++++ DATA PROVIDED

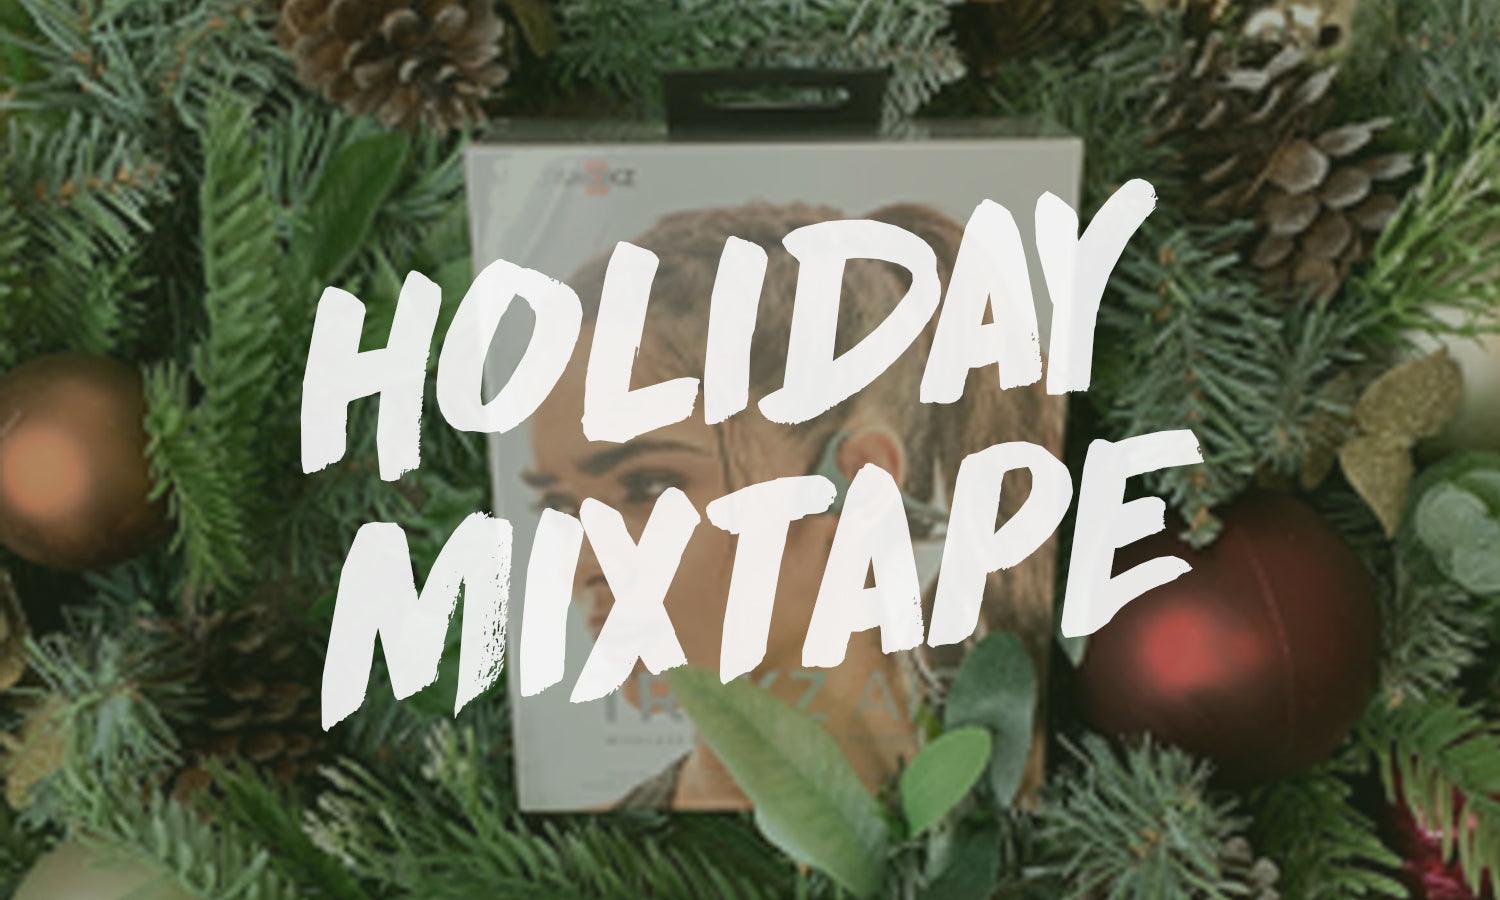 The Holiday Mixtape
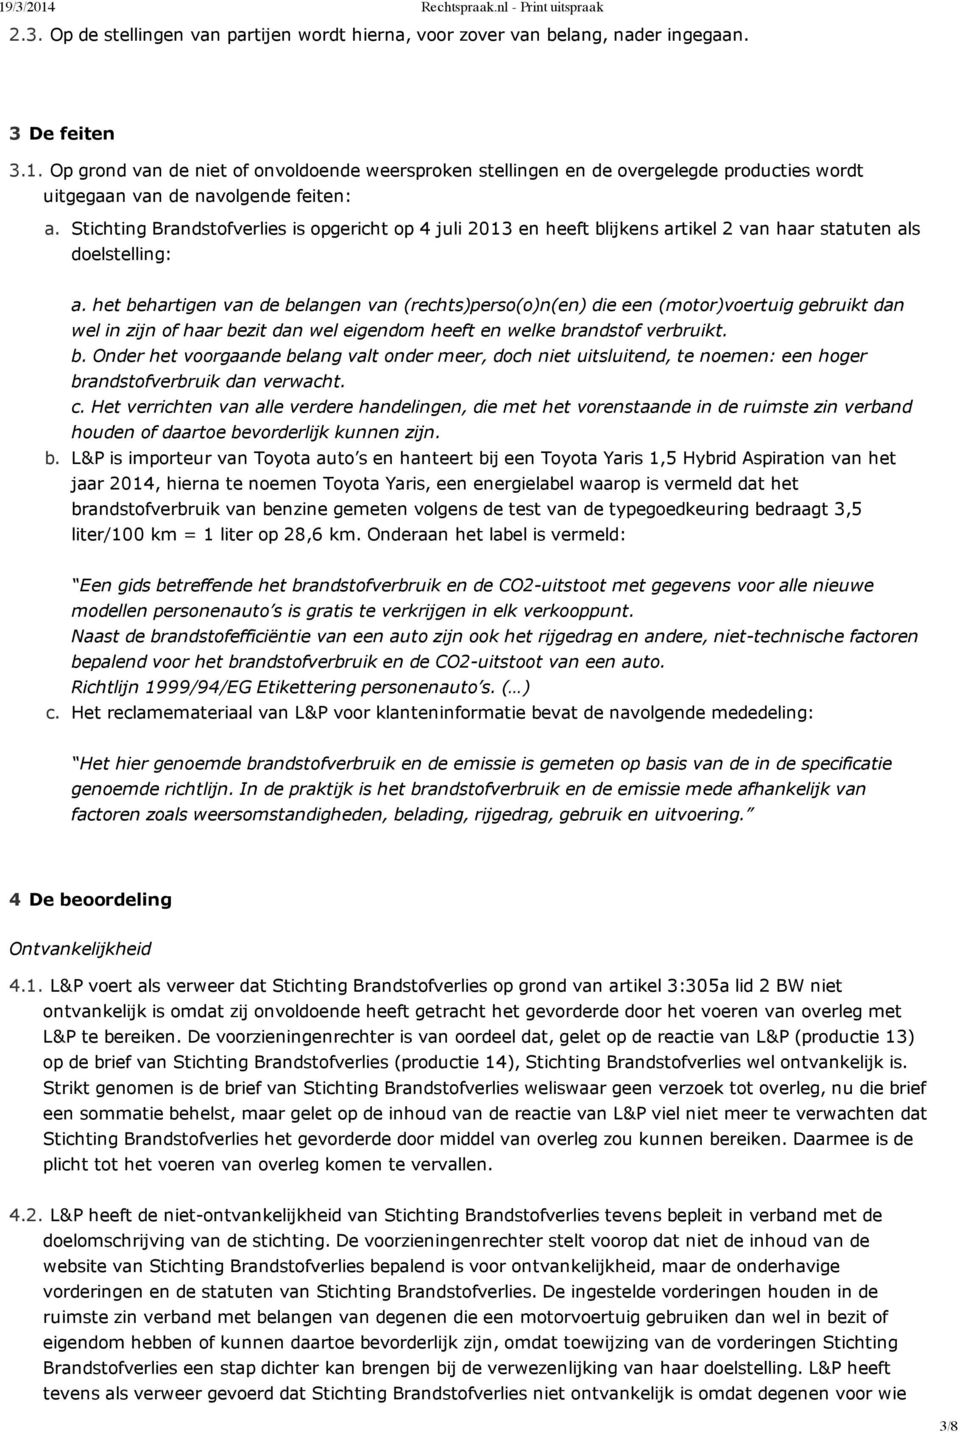 Stichting Brandstofverlies is opgericht op 4 juli 2013 en heeft blijkens artikel 2 van haar statuten als doelstelling: a.
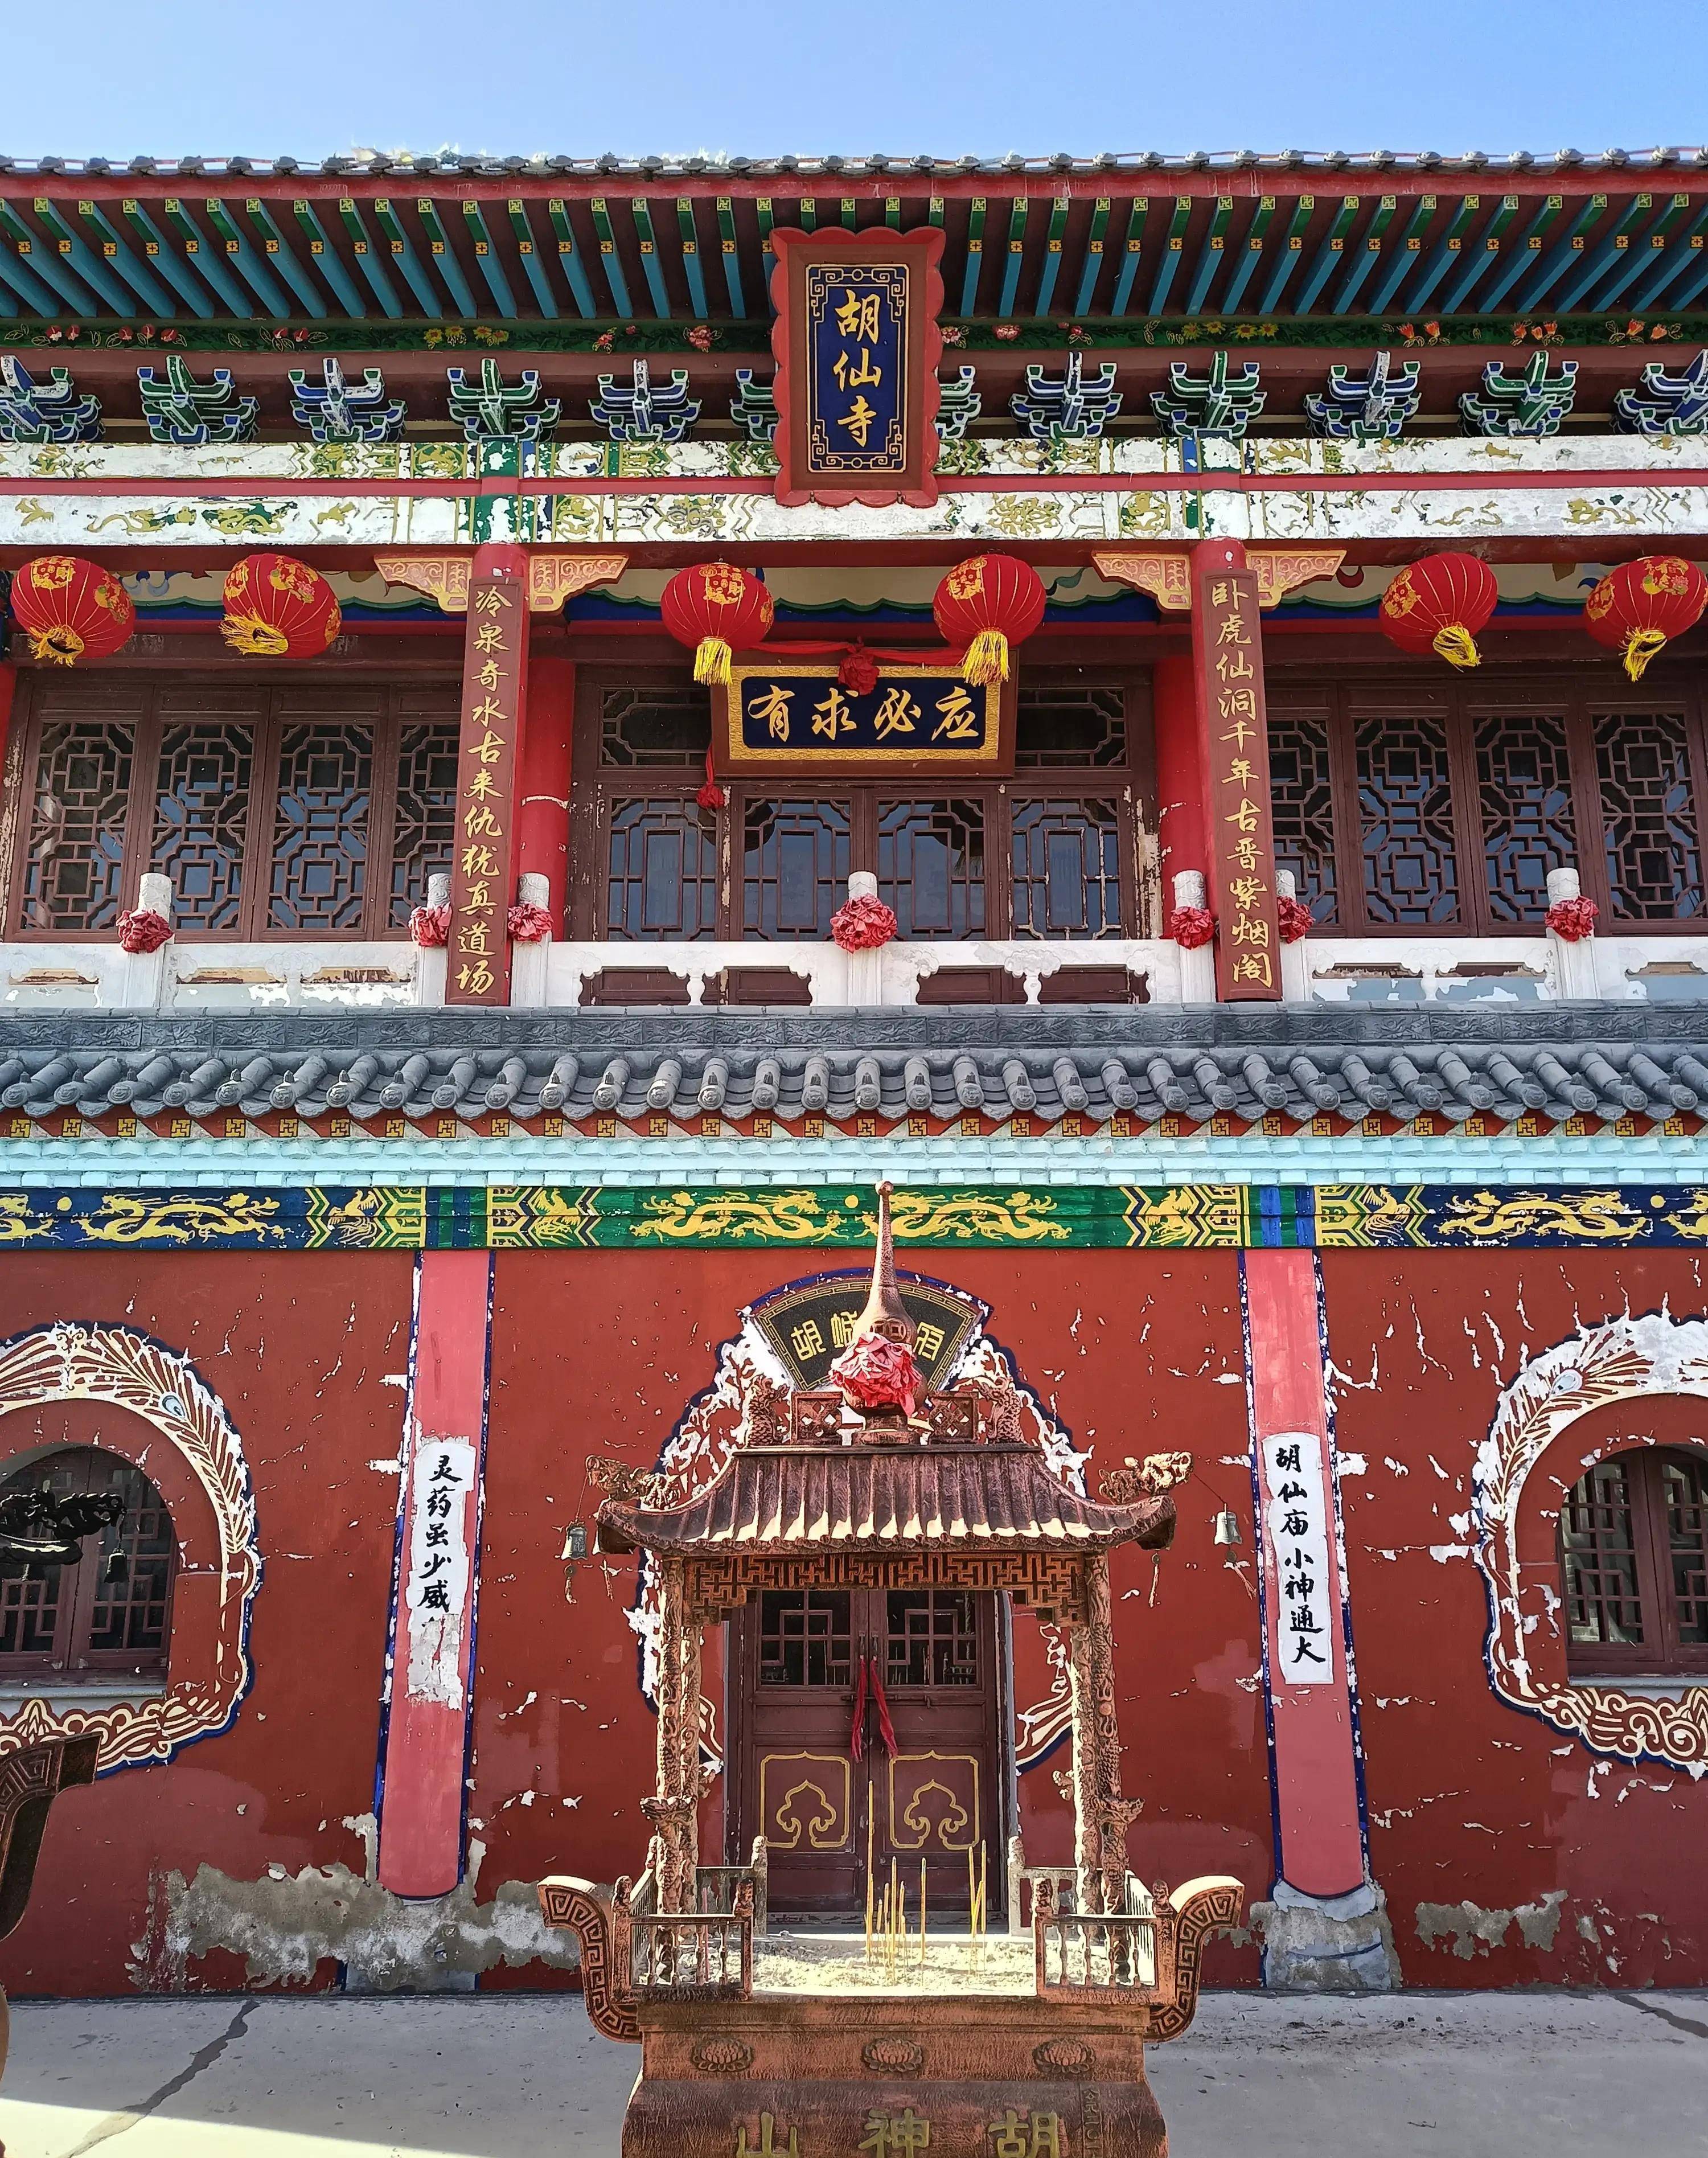 2000年在狐仙庙旧址的基础上,反造五台山梵仙山,一模一样又修建了一座

++++++++

WHAT THE TASK REQUIRES
The required answer is the material repeated exactly, with no images in it.

TASK RESULT
 The Holiday Mixtape
 Stichting Brandstofverlies is opgericht op 4 juli 2013 en heeft blijkens artikel 2 van haar statuten als doelstelling: a.
 2000年在狐仙庙旧址的基础上,反造五台山梵仙山,一模一样又修建了一座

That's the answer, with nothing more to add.